Caching Architecture & Strategies
Cache Hierarchy
Modern system caches typically form a multi-tier hierarchy, caching data from slow to fast, large to small:
flowchart TD
A[Client Request] --> B[Browser Cache<br/>Local disk<br/>Seconds]
B --> C[CDN Cache<br/>Edge nodes<br/>Milliseconds]
C --> D[Reverse Proxy Cache<br/>Nginx/Varnish<br/>Milliseconds]
D --> E[Application Local Cache<br/>In-process Map/Caffeine<br/>Microseconds]
E --> F[Distributed Cache<br/>Redis/Memcached<br/>Sub-millisecond]
F --> G[Database<br/>Persistent storage<br/>Millisecond-seconds]

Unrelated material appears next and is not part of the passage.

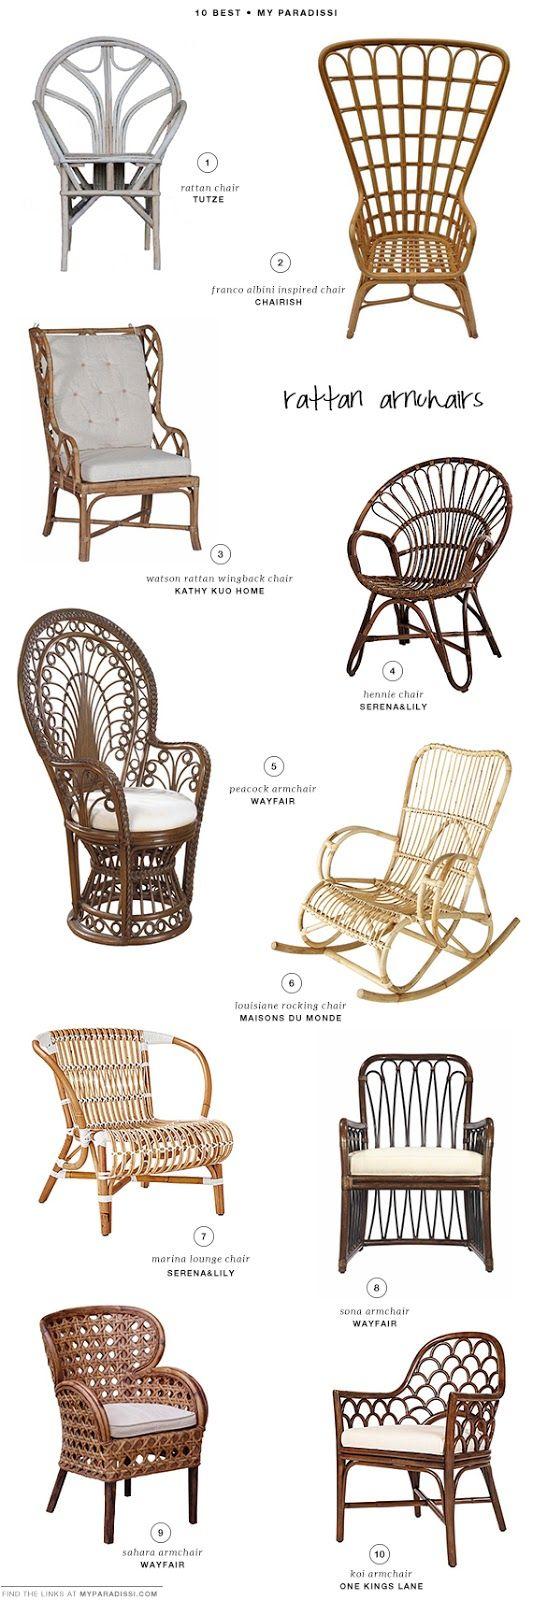 10 BEST: Rattan armchairs   My Paradissi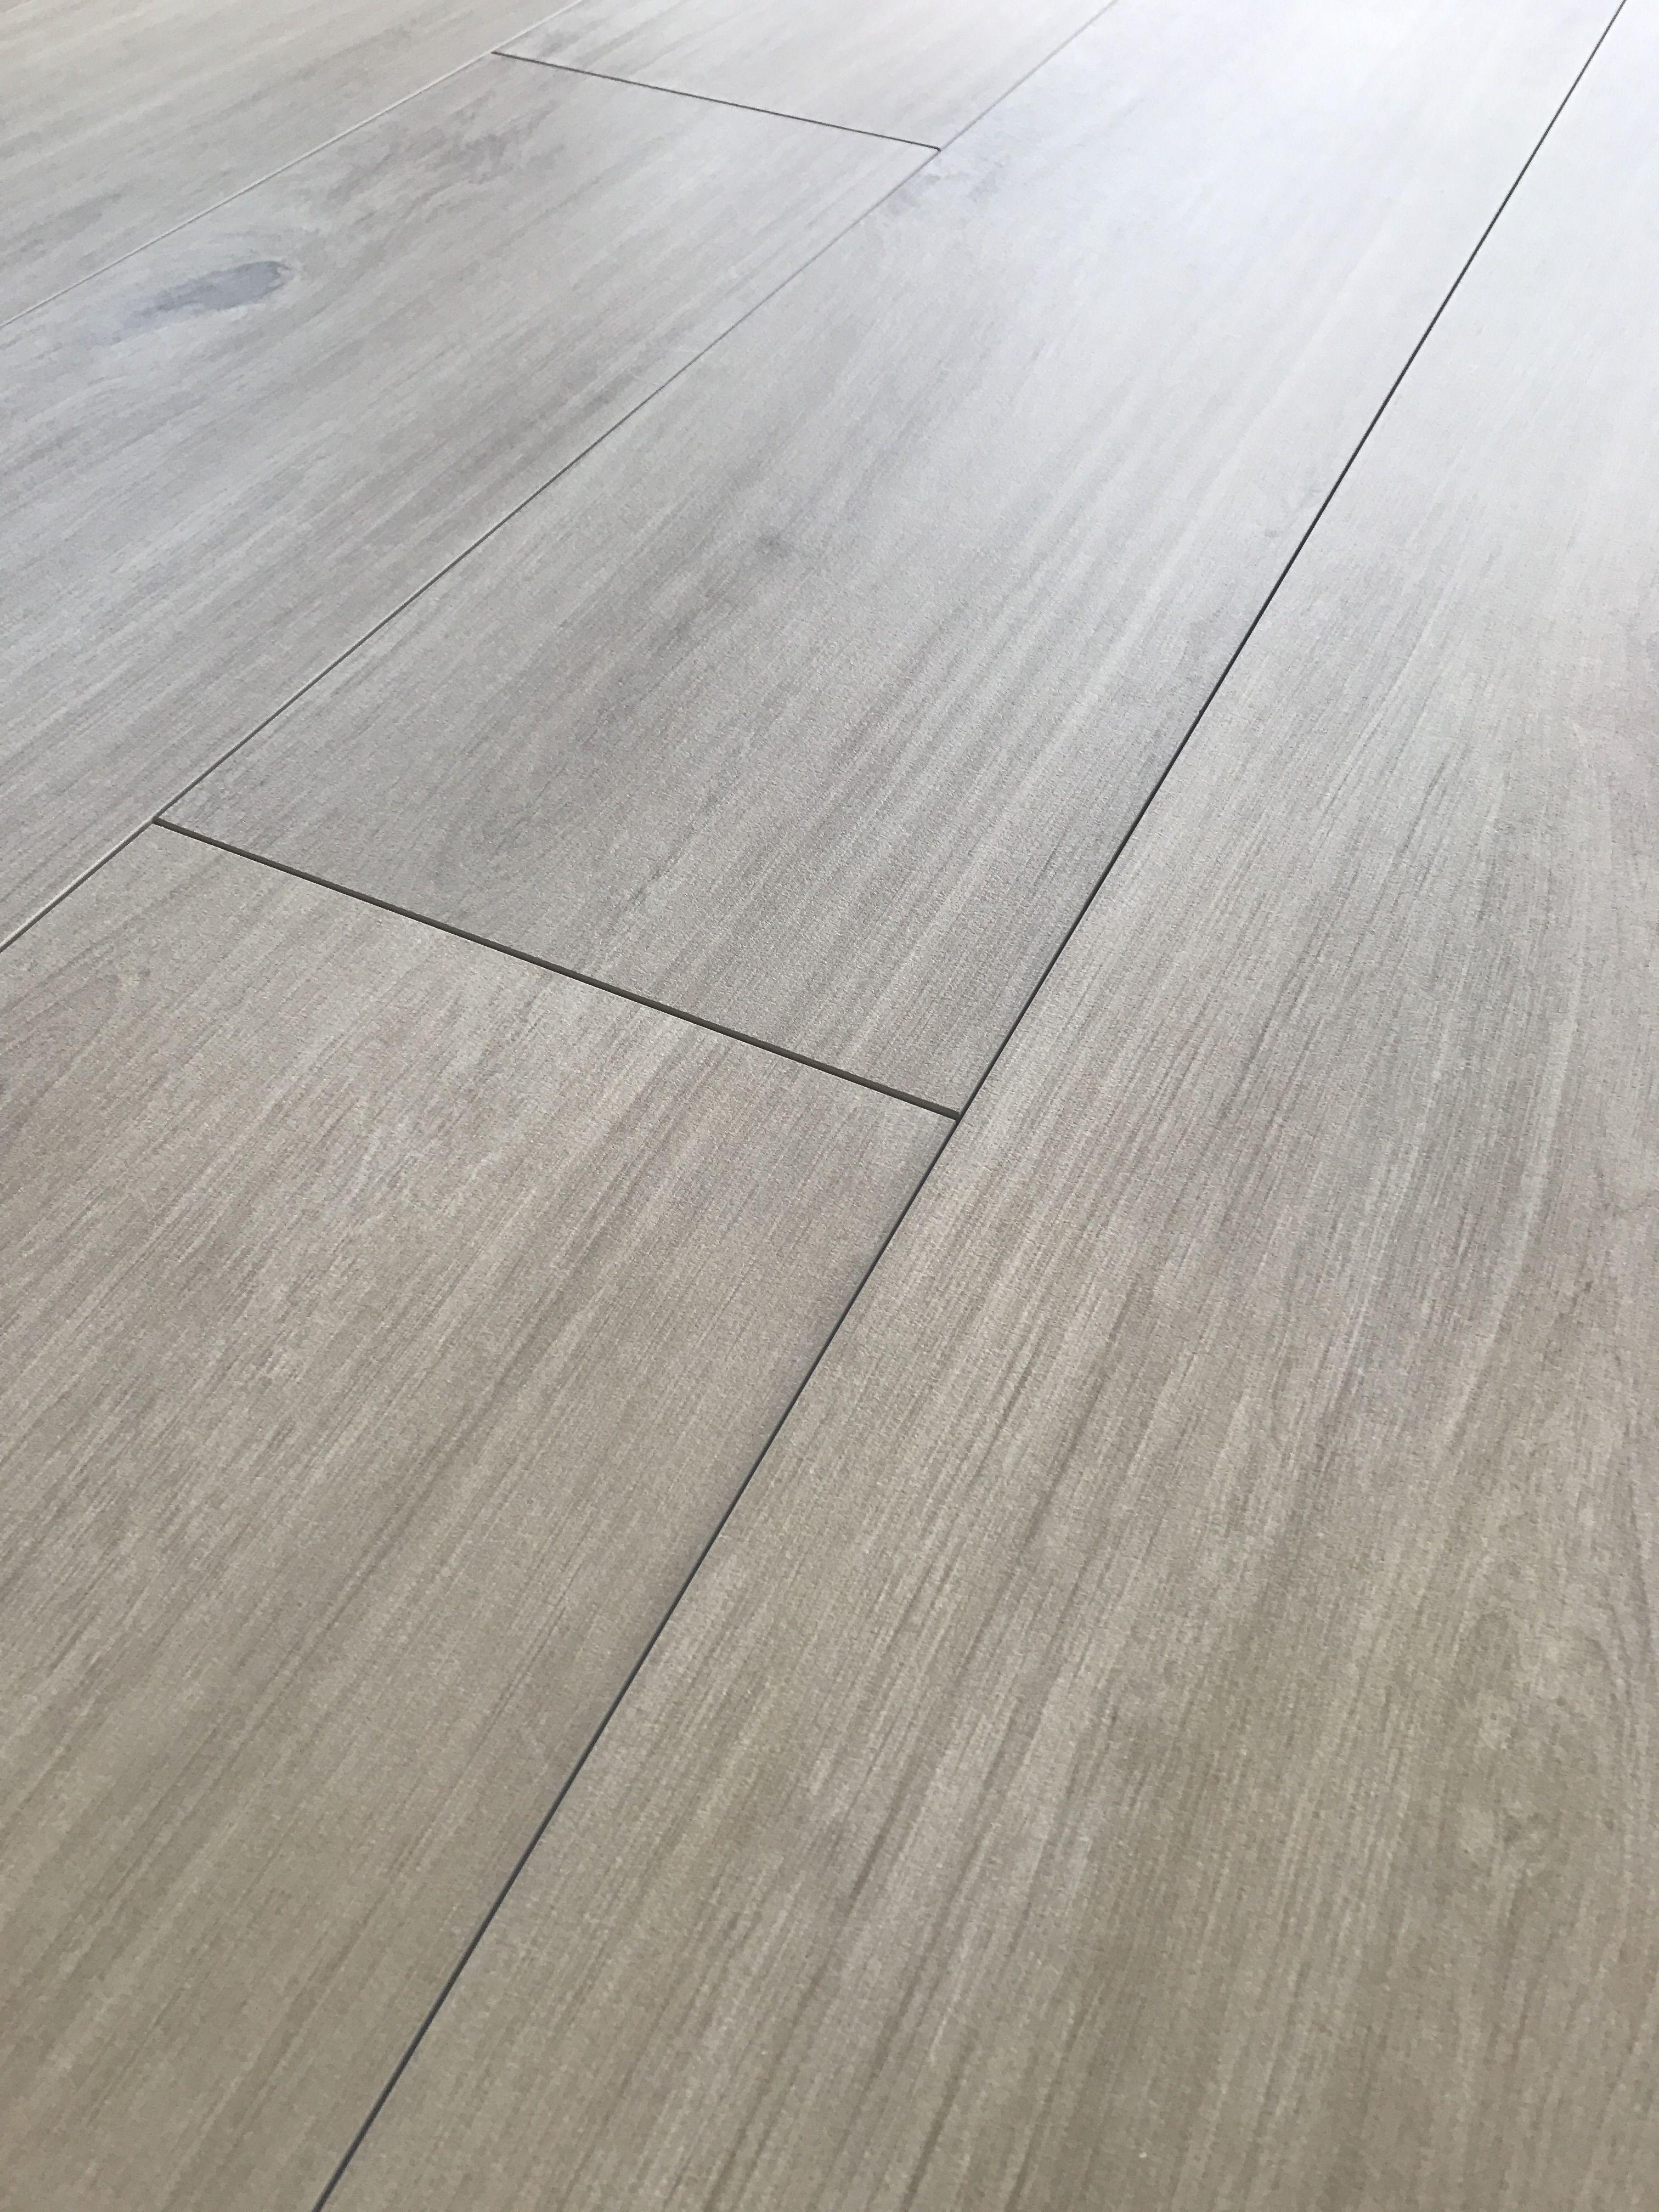 keramisch parket provenza oak rovere 180 cm noorderkwartier 2017

| Cache Layer | Latency | Capacity | Consistency | Use Case |
|---|---|---|---|---|
| Browser | ~0ms | Hundreds of MB | Weakest | Static assets |
| CDN | ~10ms | TB scale | Weak | Static assets, public data |
| Reverse proxy | ~1ms | GB scale | Weak | Hot pages, API responses |
| Local cache | ~0.01ms | MB scale | Medium | Configuration, metadata |
| Distributed cache | ~0.5ms | GB-TB scale | Strong | Business data |
Redis Data Structures and Use Cases
Redis provides 5 basic data structures and 3 extended structures, each with its optimal use case:
Basic Data Structures
| Structure | Characteristics | Typical Use Case | Time Complexity |
|---|---|---|---|
| String | Simple KV, max 512MB | Caching, counters, distributed locks | O(1) |
| Hash | Field-value mapping | Object storage (user info, product details) | O(1) |
| List | Ordered list, doubly linked | Message queue, latest lists | Head/tail O(1) |
| Set | Unordered unique collection | Tags, mutual friends, lottery | O(1) |
| Sorted Set | Ordered unique collection + score | Leaderboards, delay queues | O(log N) |
Practical Examples
# Counter (String + INCR)
SET article:1001:views 0
INCR article:1001:views # Atomic increment
# Object storage (Hash)
HMSET user:1001 name "John" email "john@example.com" age 28
HGET user:1001 name # → "John"
# Leaderboard (Sorted Set)
ZADD leaderboard 1500 "player1"
ZADD leaderboard 2000 "player2"
ZREVRANGE leaderboard 0 9 WITHSCORES # Top 10
# Distributed lock (String + Lua)
SET lock:order:1001 "uuid-xxx" NX PX 30000 # 30s expiration
# Release lock (Lua ensures atomicity)
EVAL "if redis.call('get',KEYS[1]) == ARGV[1] then return redis.call('del',KEYS[1]) else return 0 end" 1 lock:order:1001 "uuid-xxx"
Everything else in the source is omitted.